Hey all ,
An attempt on these characters and the cooking background the show started with initially.Posted it on another platform and thought of posting it here .
Chapter 1 - A Hire no one asked for
Vikrant Saluja built Sarson on one rule, and he didn’t bend it for anybody: nobody touches his menu who hasn’t actually bled for Punjabi food. Not read about it. Not done a semester abroad and called it research. He meant people who’d stood over his nani’s chulha at three in the morning during wedding season, who’d gone dhaba to dhaba between Ludhiana and Patiala begging cooks to hand over things they’d never even tell their own sons.
So when the board — his investors, the ones who’d funded the outlet and now apparently thought that bought them a say in everything — told him they were bringing in a new Head Chef without even running it by him first, he was angry before he’d heard a single name.
Then he heard it.
“Mannat Khanna.”
He didn’t know her, not really. Just her reputation, which somehow made it worse. Le Cordon Bleu. A couple years in some Michelin place in London where she must have deconstructed butter chicken served in a martini glass with one sad coriander leaf balanced on top like it was about to perform surgery. He’d seen her name once in a food magazine, under a headline calling her “the chef reinventing Punjab for the global palate,” and he’d genuinely wanted to throw the magazine across the room.
Punjab didn’t need reinventing, he believed
“She’s not a fit,” he told the board flatly, in the meeting they’d technically called to “inform” him, not to ask his opinion. “She’ll bring all that nonsense in here and call it elevation. I built this place on my dadi’s recipes.
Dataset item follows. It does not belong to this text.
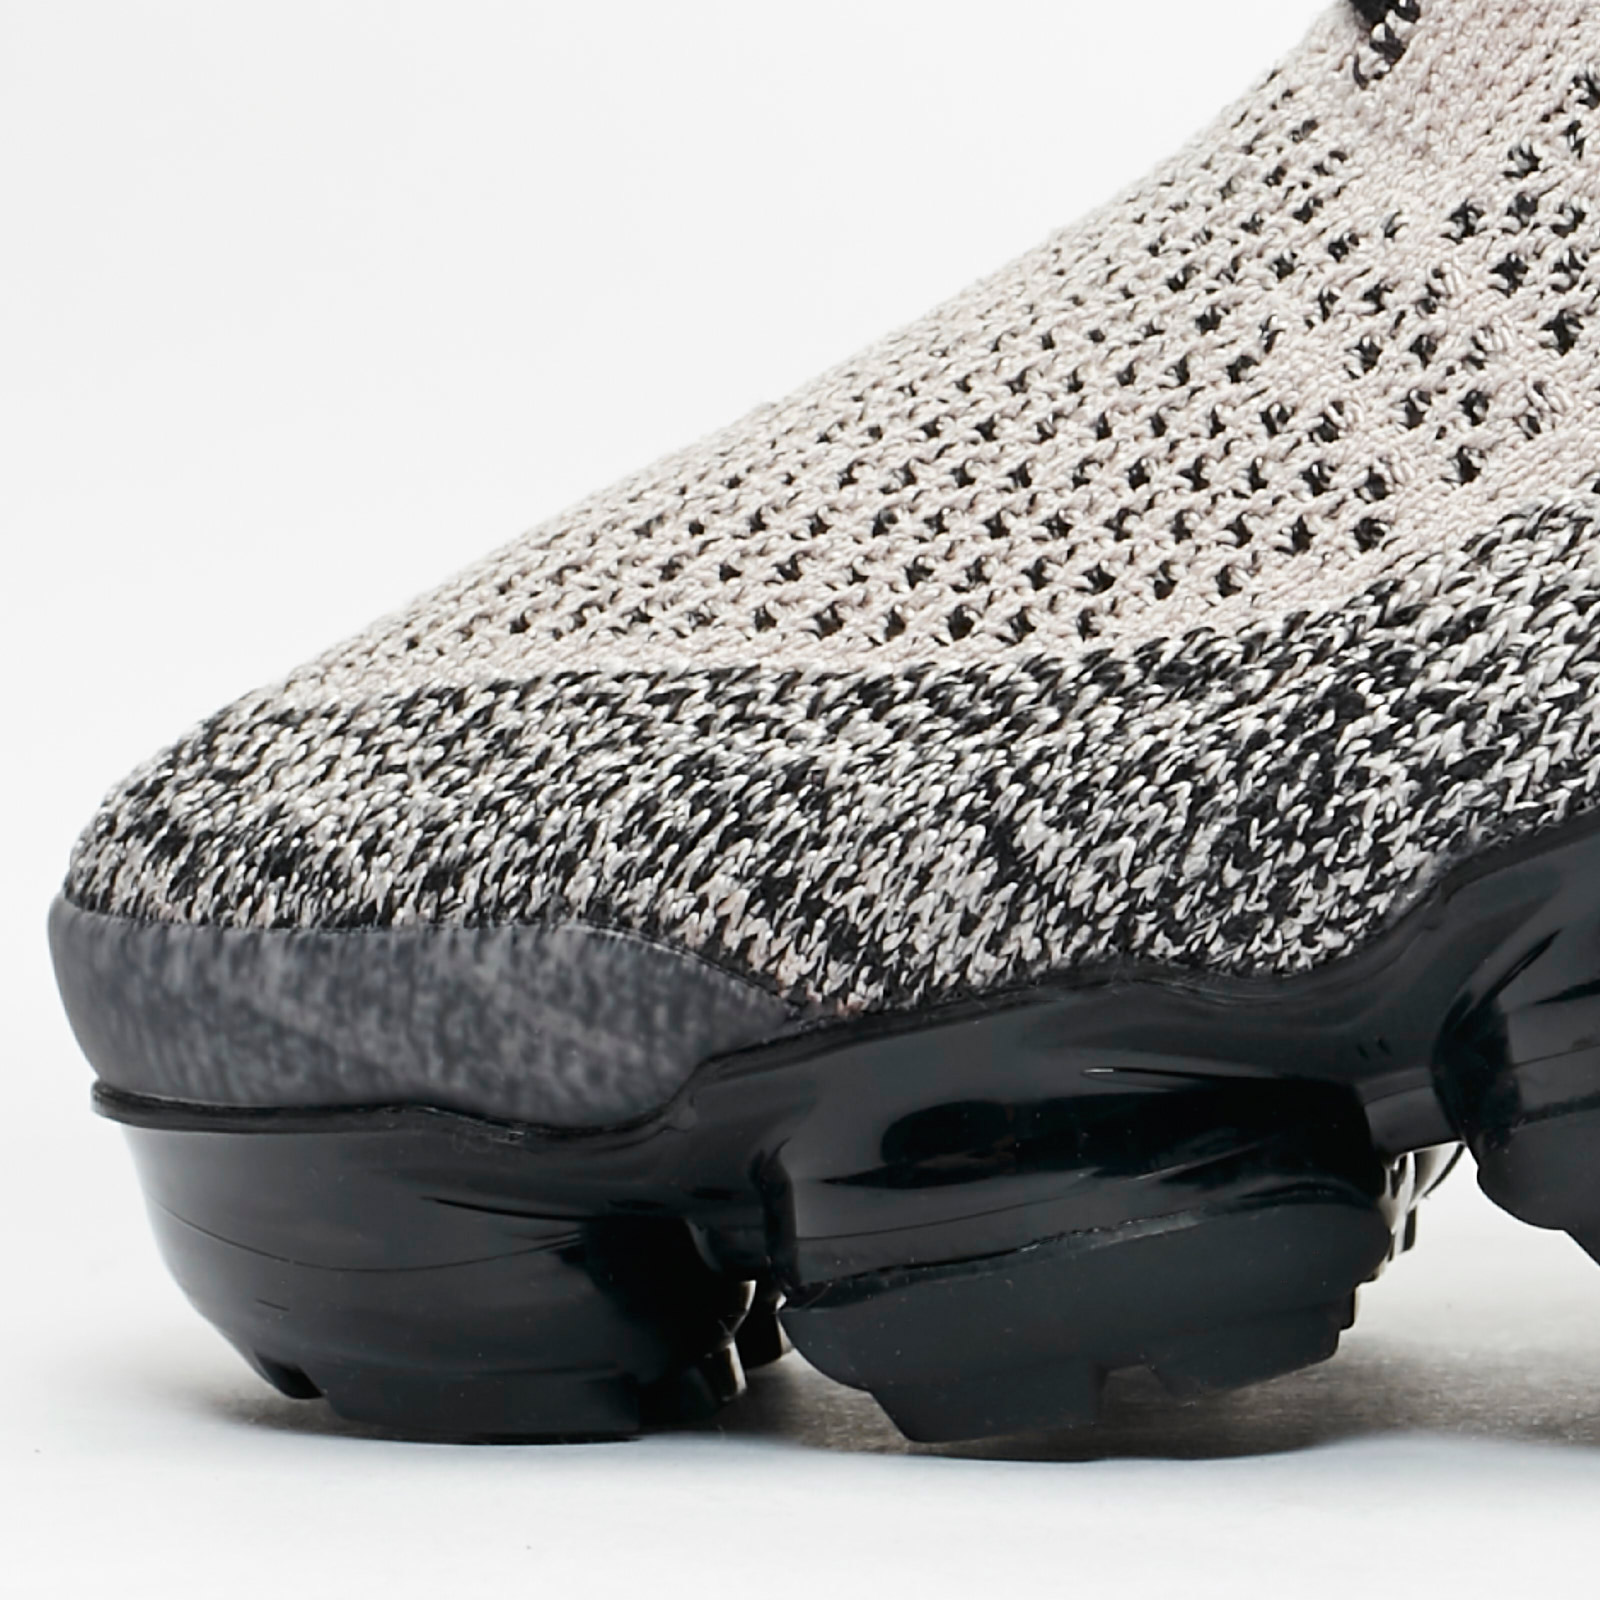 8c02d623e36c Nike Wmns Air Vapormax FK Moc 2 - Aj6599-202 - Sneakersnstuff ...

I’m not just handing it over to someone who thinks sarson da saag needs a quenelle.”
Rajeev Malhotra — loudest guy on the board, also happened to write the biggest checks — just smiled the smile of a man whose mind was already made up. “Vikrant. Her numbers in London were extraordinary. She’s moving back to India, family reasons, we didn’t ask, and she wants Chandigarh specifically. We are not turning away a chef like that because you’ve decided, sight unseen, that she’s going to insult your dadi’s saag.”
“I’ve seen enough, Rajeev .
“You’ve seen a magazine spread.”
He didn’t have an answer for that, which somehow made him angrier.
“She starts Monday,” Rajeev said. “Co-head chef, equal say in the kitchen. That’s the deal, and honestly it’s a good one — for you and for Sarson. Don’t make this harder than it needs to be.”
He made it harder for about four days anyway. Argued, sulked, even called his mother to complain — which backfired completely, who wanted to meet the Punjabi kudi.
By Friday he’d lost. Board had voted. Mannat Khanna was Sarson’s new co-head chef starting Monday, and there was nothing left to do but show up and decide how badly he wanted to behave about it.
What he didn’t know — what nobody bothered telling him, was that Mannat already knew exactly how this was going to go.